Sebelumnya, SHOW Token telah diperdagangkan di sejumlah bursa kripto internasional seperti Toobit dan Bitconomy. Ekspansi ke Indonesia juga menjadi pijakan untuk meningkatkan likuiditas dan memperluas pencatatan di platform global lainnya.

SHOW Token dikembangkan menggunakan jaringan Ethereum ERC-20 yang dikenal mendukung keamanan tinggi dan teknologi smart contract. Perusahaan menetapkan total pasokan sebanyak 100 juta token guna menjaga stabilitas dan keberlanjutan ekosistem.

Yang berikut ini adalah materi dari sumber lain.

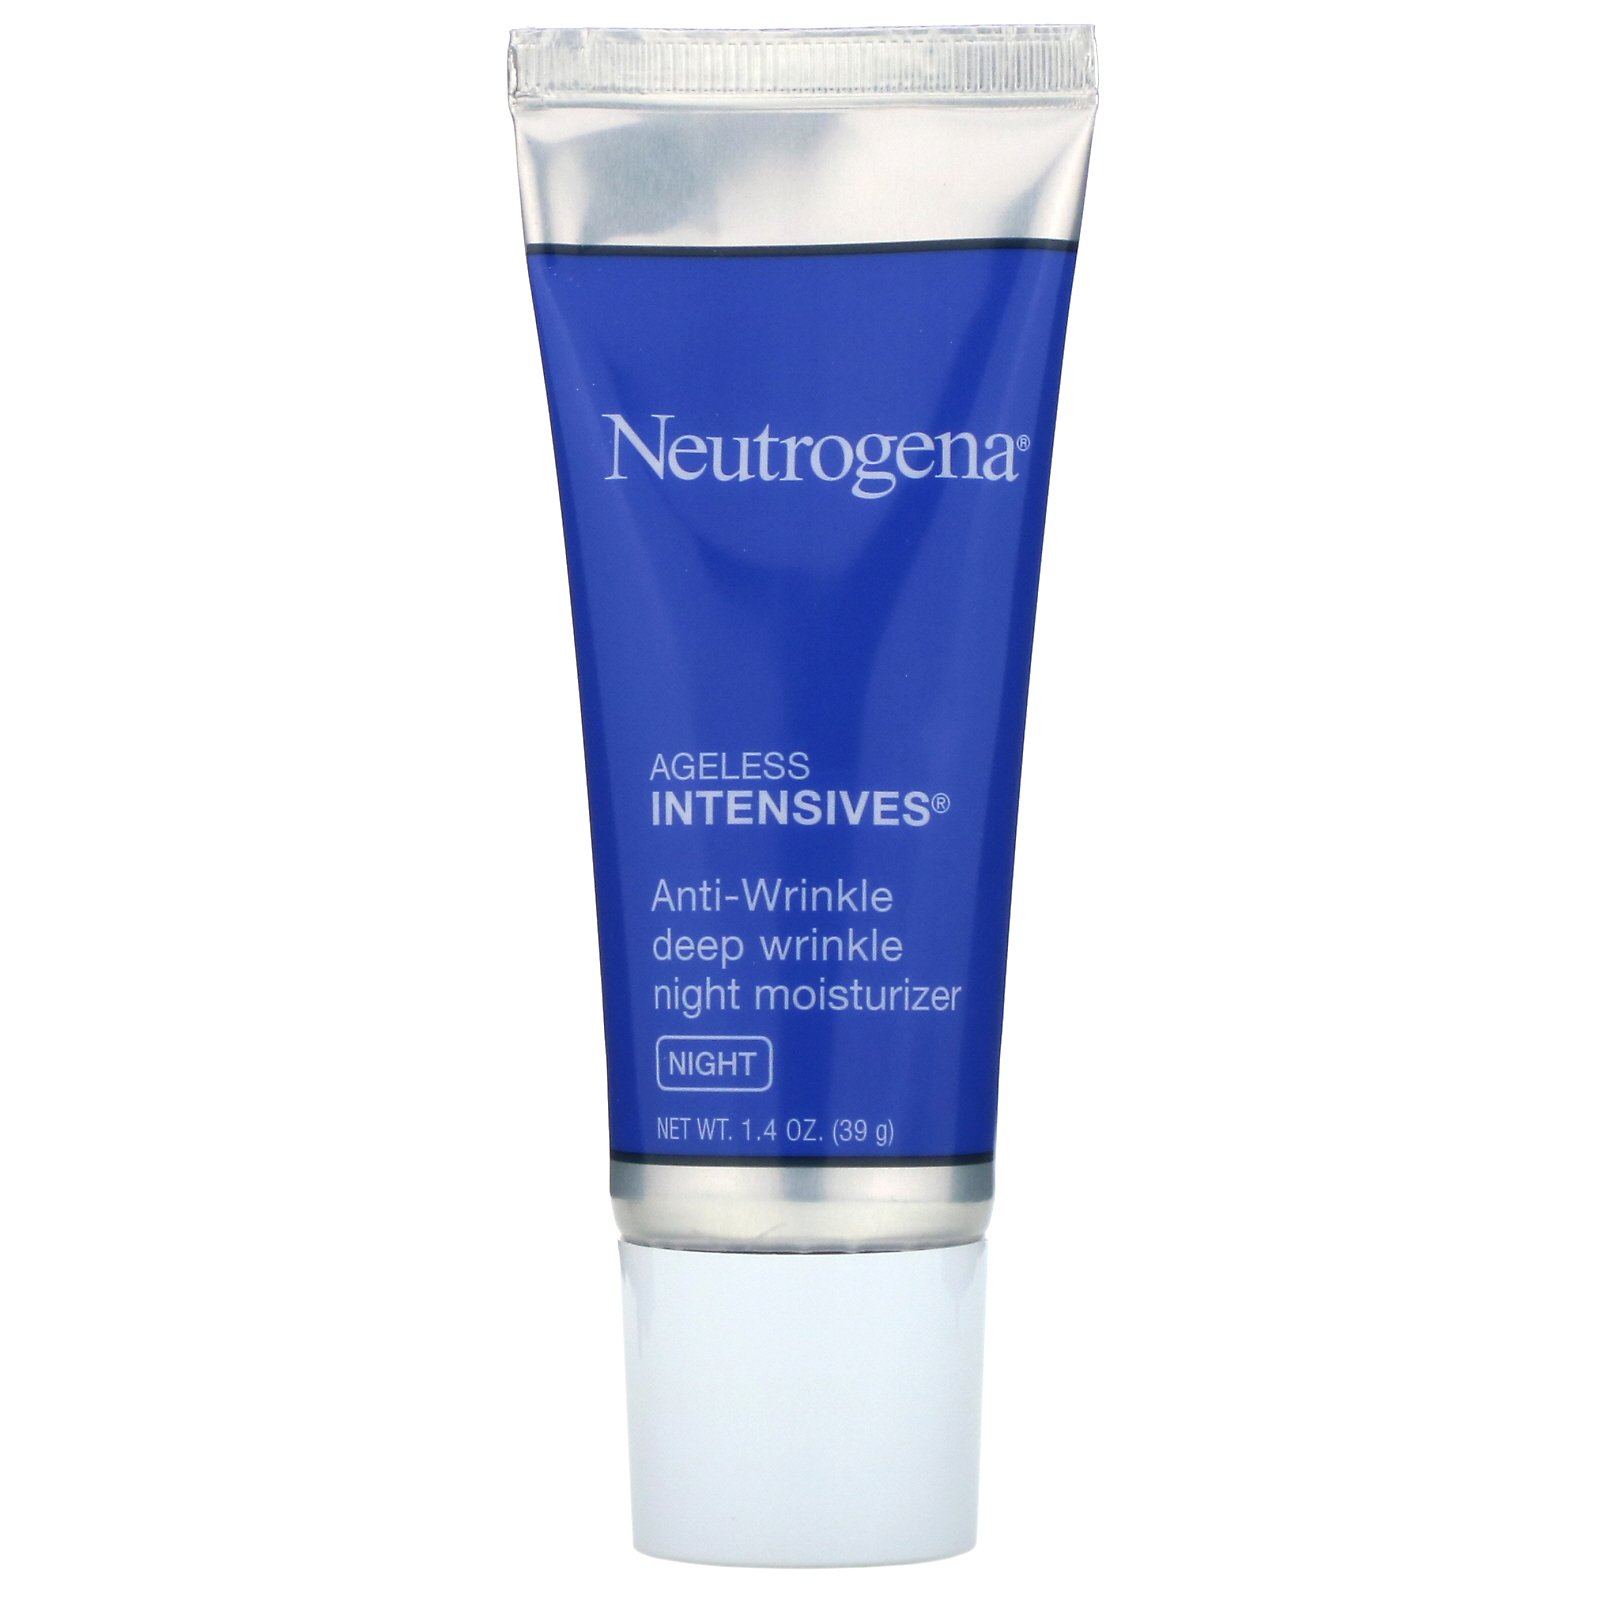 neutrogena wrinkle repair night moisturizer review

Untuk memperkuat pengembangan di Asia Tenggara, SHOW Token menyiapkan investasi senilai 100 juta dolar AS yang difokuskan pada penguatan ekonomi kreatif, terutama industri hiburan di Indonesia.

Chief Operating Officer (COO) SHOW Token Joshua Khubani mengatakan, pencatatan di Mobee diharapkan mempermudah akses investor dan komunitas Indonesia untuk terlibat dalam ekosistem yang dibangun perusahaan.

Sebagai realisasi investasi tersebut, SHOW Token telah menjalin kerja sama dengan rumah produksi nasional, termasuk MVP dan A&Z Films. Kolaborasi ini diarahkan pada pengembangan sistem pendanaan film berbasis Web3 yang mengedepankan transparansi dan efisiensi.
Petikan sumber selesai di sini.